▸ Collected material:
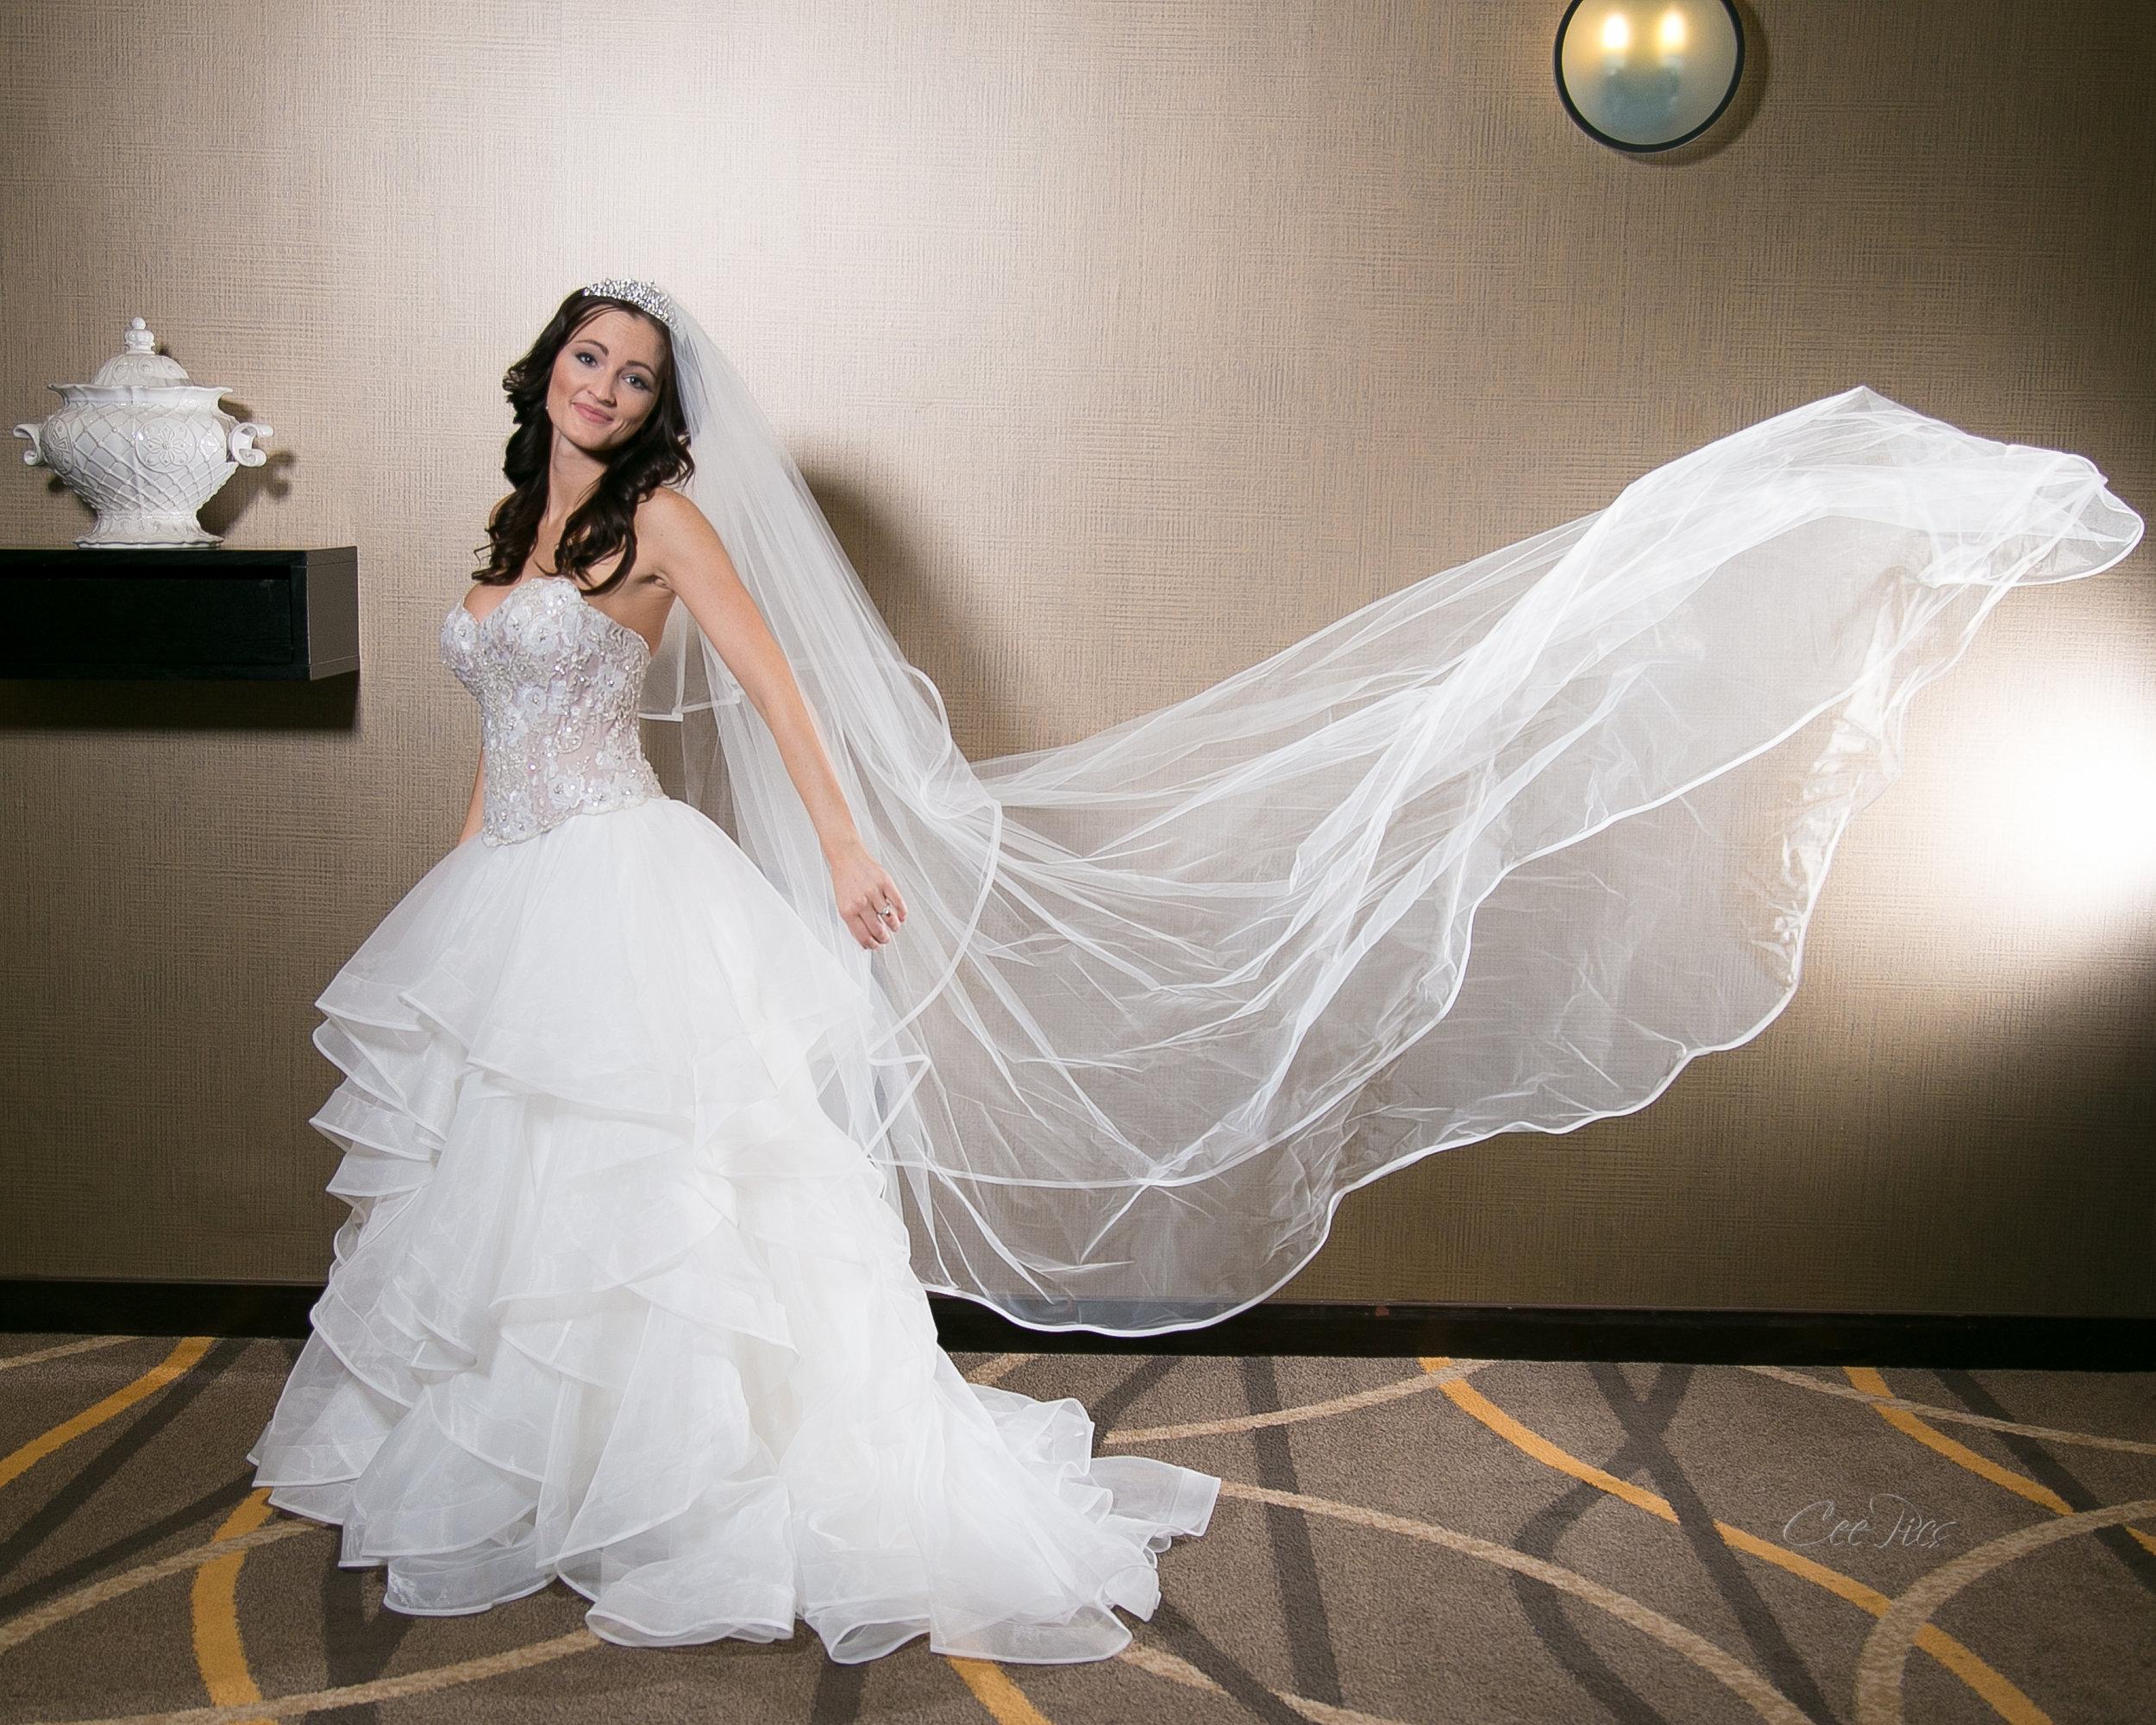 Nashville_Wedding_Photographer_Photography_DJ_MC_Lighting_Photobooth_Franklin_Bowling_Gallatin-34.jpg
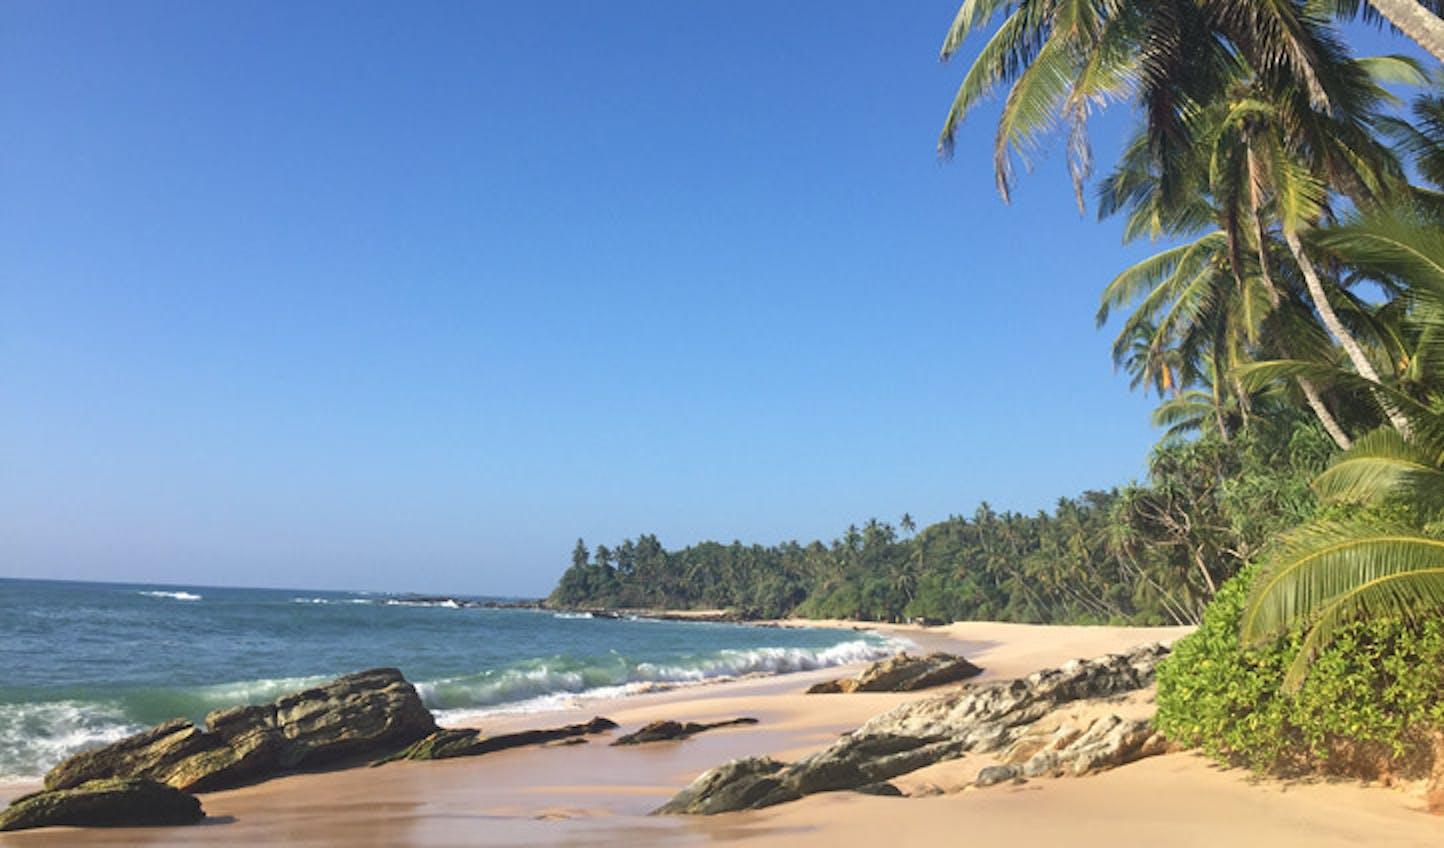 Beach views on Sri Lankas southern coast
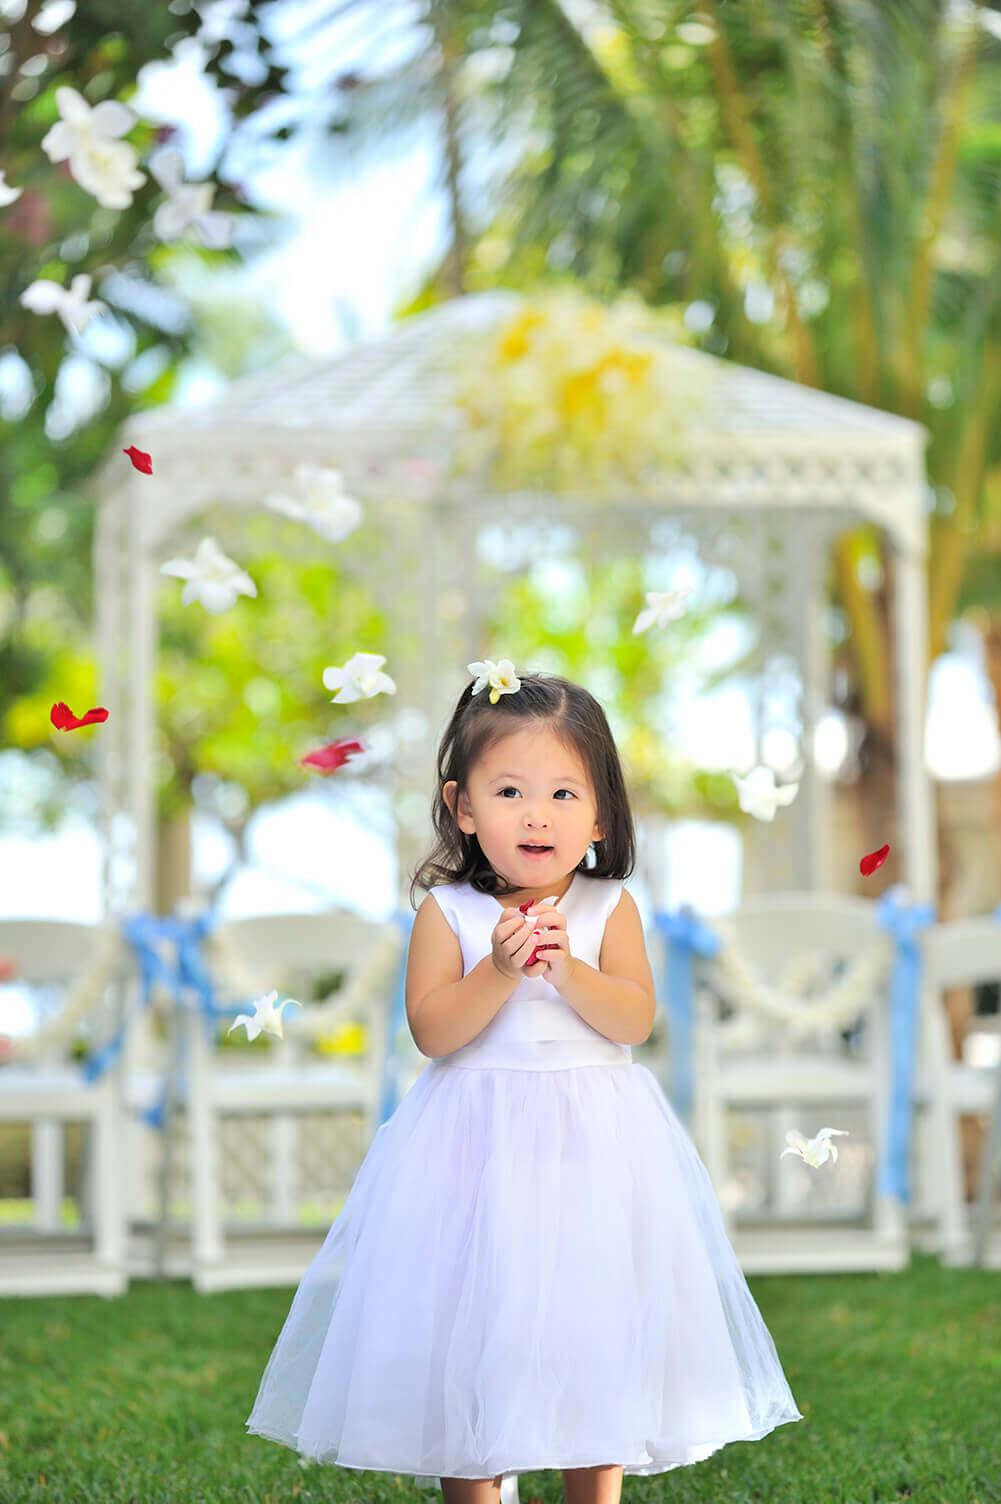 Flower girl in the Garden Courtyard for a wedding

▸ Exercise description: Copy the listing character for character, pictures omitted.

▸ Task output:
 Nashville_Wedding_Photographer_Photography_DJ_MC_Lighting_Photobooth_Franklin_Bowling_Gallatin-34.jpg
 Beach views on Sri Lankas southern coast
 Flower girl in the Garden Courtyard for a wedding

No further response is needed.